I used the `distance`

function of *GeoPandas* in a loop across rows, and assigned a new column named `distance_river`

.

`meuse_gdf = meuse_gdf.assign(`

` distance_river = [meuse_gdf["geometry"][i].distance(river["geometry"][0]) for i in range(meuse_gdf.shape[0])]`

`)`

`meuse_gdf.head()`

Let's see what it looks like and how our computed distance compares to the `dist`

column.

`dist_compare = (`

` lp.ggplot(meuse_gdf) + # call the data set`

` lp.geom_point(lp.aes(x = "dist", y = "distance_river"), size = 3, color = "#ca0020") + # a layer of points`

` lp.labs(x = "Distance in meuse.csv (km)", y = "Distance computed with GeoPandas (m)") # axes titles`

`)`

`dist_map = (`

` lp.ggplot() +`

` lp.geom_livemap(tiles = tilesets.STAMEN_DESIGN_TONER) +`

` lp.geom_point(`

` data = meuse_gdf, `

` mapping = lp.aes(fill = "distance_river"),`

` size = 3, shape = 21, color = "black"`

` ) +`

` lp.scale_fill_brewer(type = "seq", palette = "Reds") +`

` lp.labs(x = "Longitude", y = "Latitude")`

`)`

`w, h = 480, 480`

`offset = 15`

`bunch = lp.GGBunch() # plot both`

`bunch.add_plot(dist_compare, 0, 0, w, h)`

`bunch.add_plot(dist_map, w + offset, 0, w, h)`

`bunch`

The left plot shows that distances are comparable, and the right plot shows that points away from the river are going darker. Good!

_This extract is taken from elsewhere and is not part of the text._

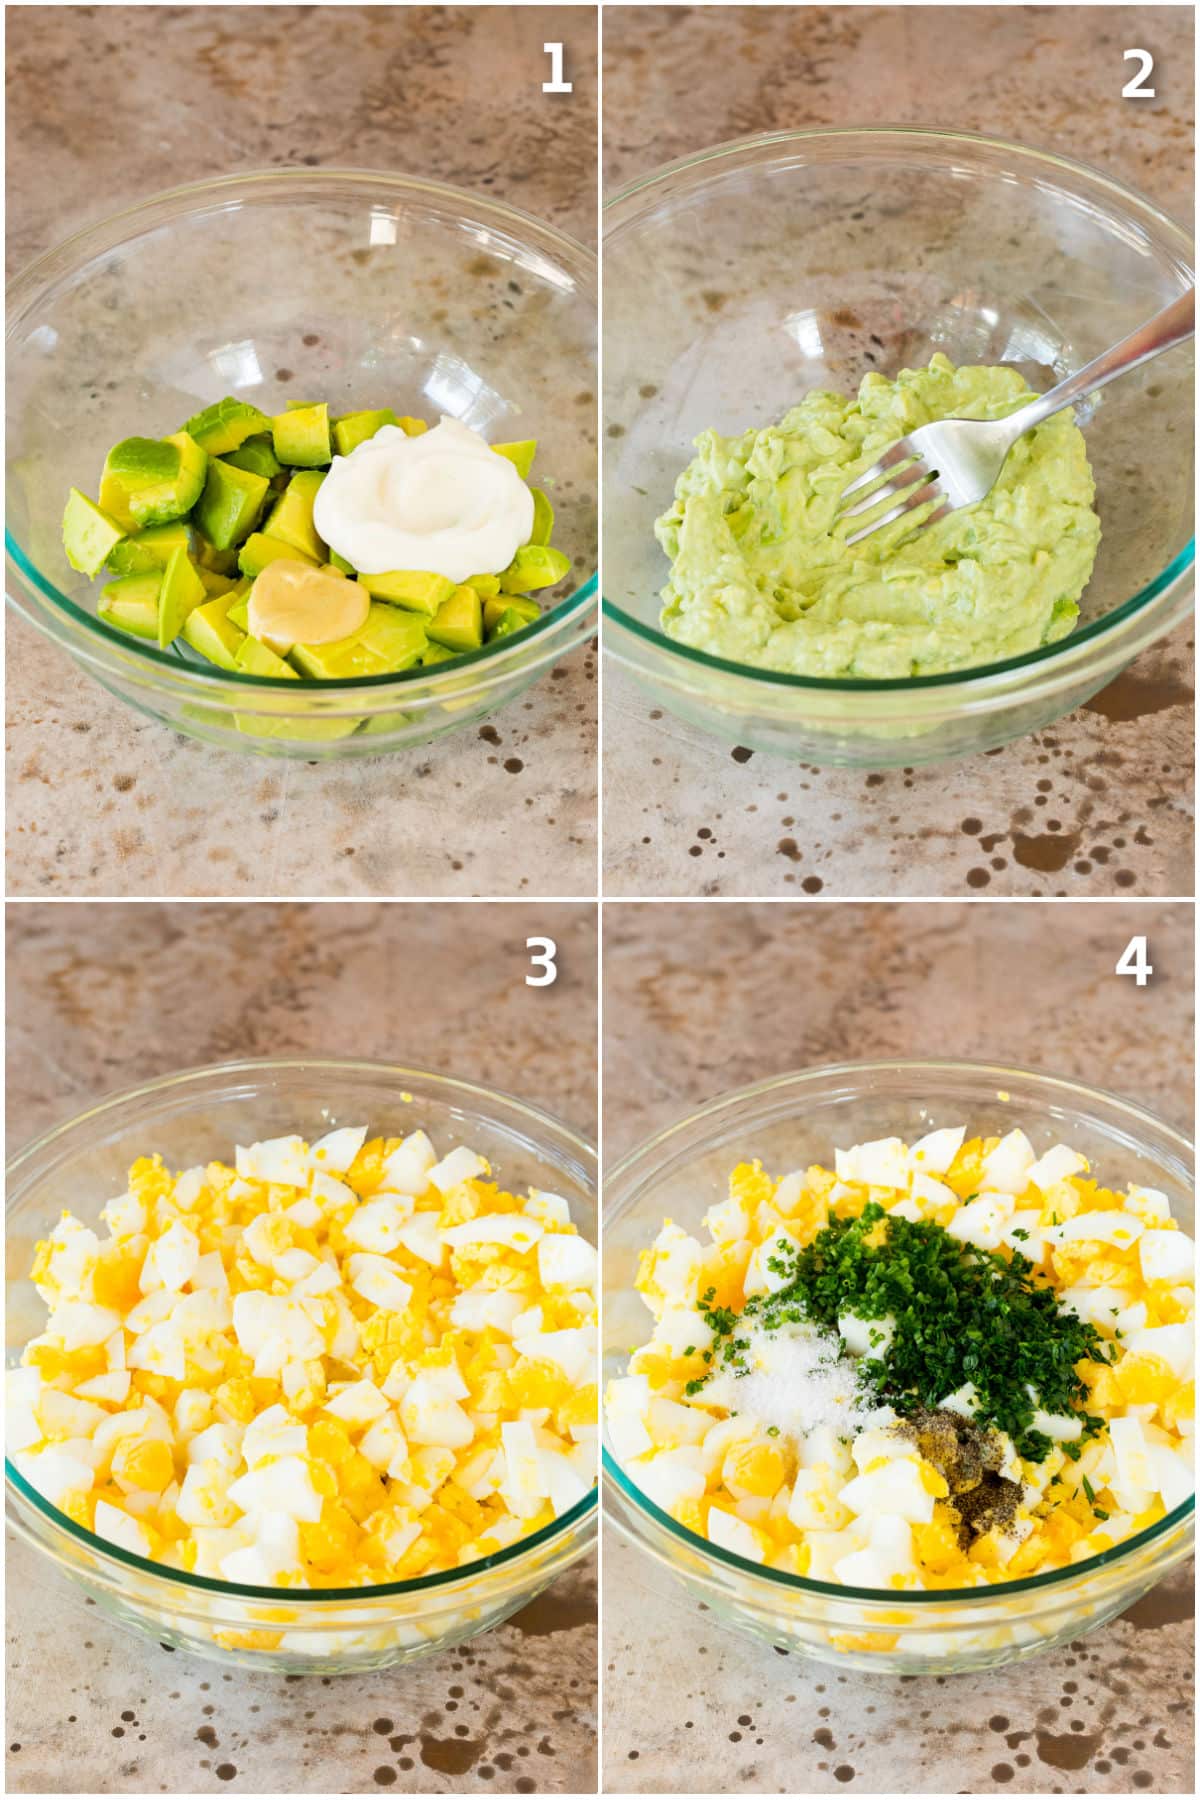 Step by step process shots showing how to make egg salad.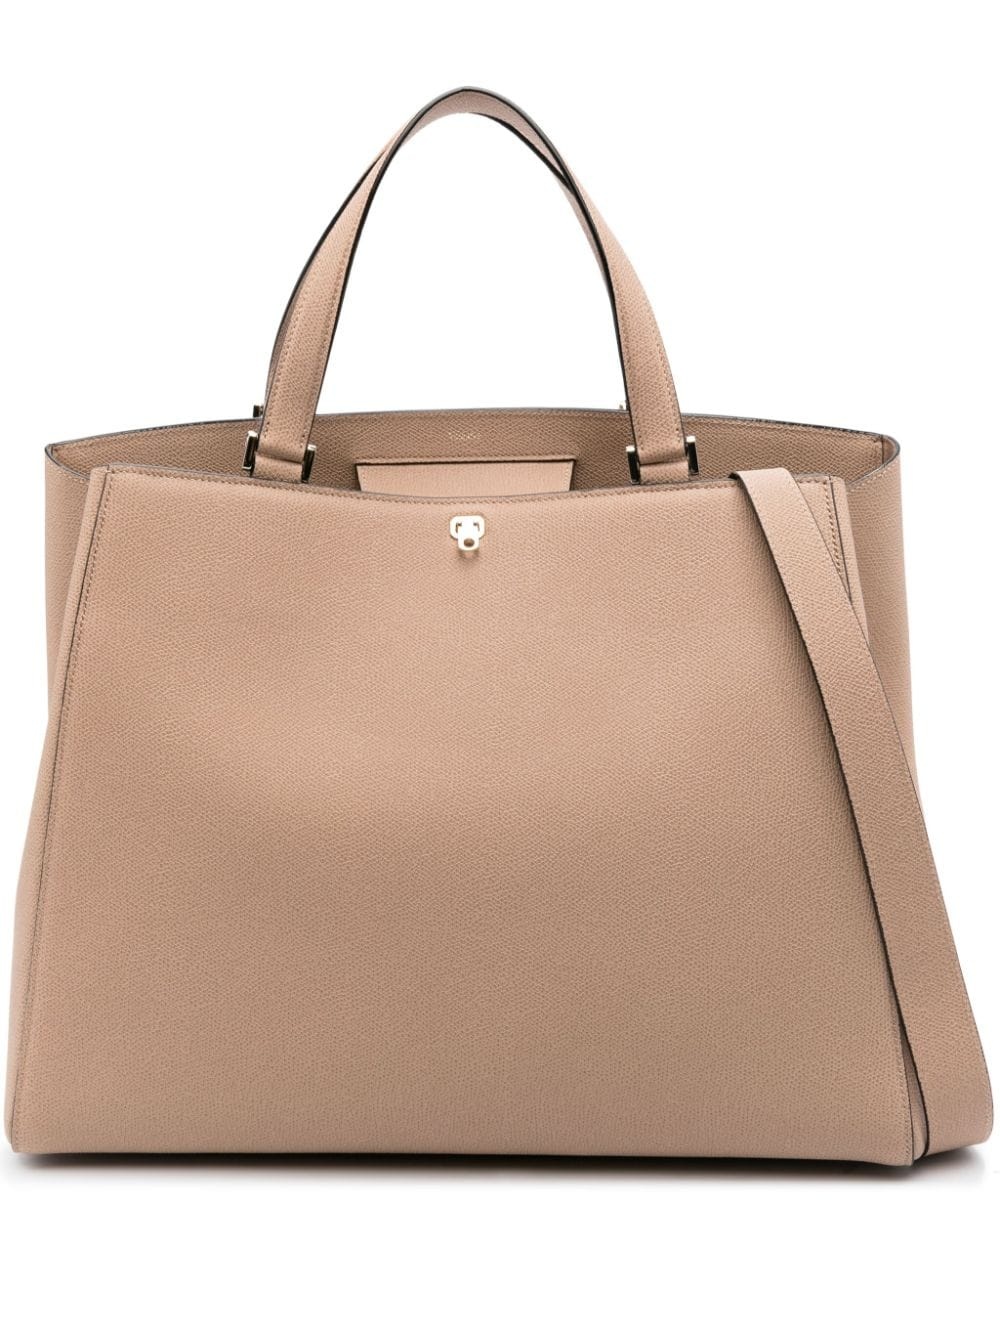 Valextra Brera Large Leather Top-handle Tote Bag In Taupe

## Model spatial attributes with Gaussian processes

This part is probably the most difficult. Our workflow is the following.

Assign observations to training and testing

Preprocess data (standardize to 0 mean and 1 variance)

Arrange data to a format amenable to coregionalisation with

*GPFlow*Create the model

Fit the model

Predict and criticize the model

Use the model

### Asssign to train / test

This is a necessary step to check if the model is good to predict at locations unknown by the model. This must be done with randomness, and it's usually good to back check if distributions in both sets are similar (I won't do it here though). I retain 70% of data in training, the rest in testing.

`obs_id = meuse_gdf.index`

`n_train = np.round(obs_id.shape[0] * 0.7, 0).astype("int")`

`id_train = np.random.choice(obs_id, size = n_train, replace = False)`

`id_test = obs_id[~obs_id.isin(id_train)].values`

I prefer to perform the split operation after preprocessing and arrangements.

### Preprocess data

I identify the columns I want to predict (targets, outcomes or outputs) and those containing the information needed to predict (features).

`targets = ["cadmium", "copper", "lead", "zinc"]`

`features = ["x", "y", "distance_river"]`

The data set contains other information useful to predict soil pollutants. I could have used the elevation, flood frequency, soil type, etc. But remember that if you want to predict pollutants at any location on your map, you also need to provide the features at any location. What would you do to obtain them? Think about it 30 seconds...

⏲️

For categorical variables (e.g. `soil`

), you could draw polygons in your GIS to delimit zones and perform spatial queries to assign the category to enclosure in a polygon. But this would be impossible for numerical variables. In all cases (categories and numerical), you could create a simple spatial model, e.g. a *k*-nearest neighbors model with scikit-learn with the variable of interest (e.g. `elev`

) as target and the position (`x`

any `y`

), then use this model to predict at any location what would become a feature for the soil pollutant model. By doing so, you should fit the soil pollutant model on the outcomes of your first spatial model, not the original points.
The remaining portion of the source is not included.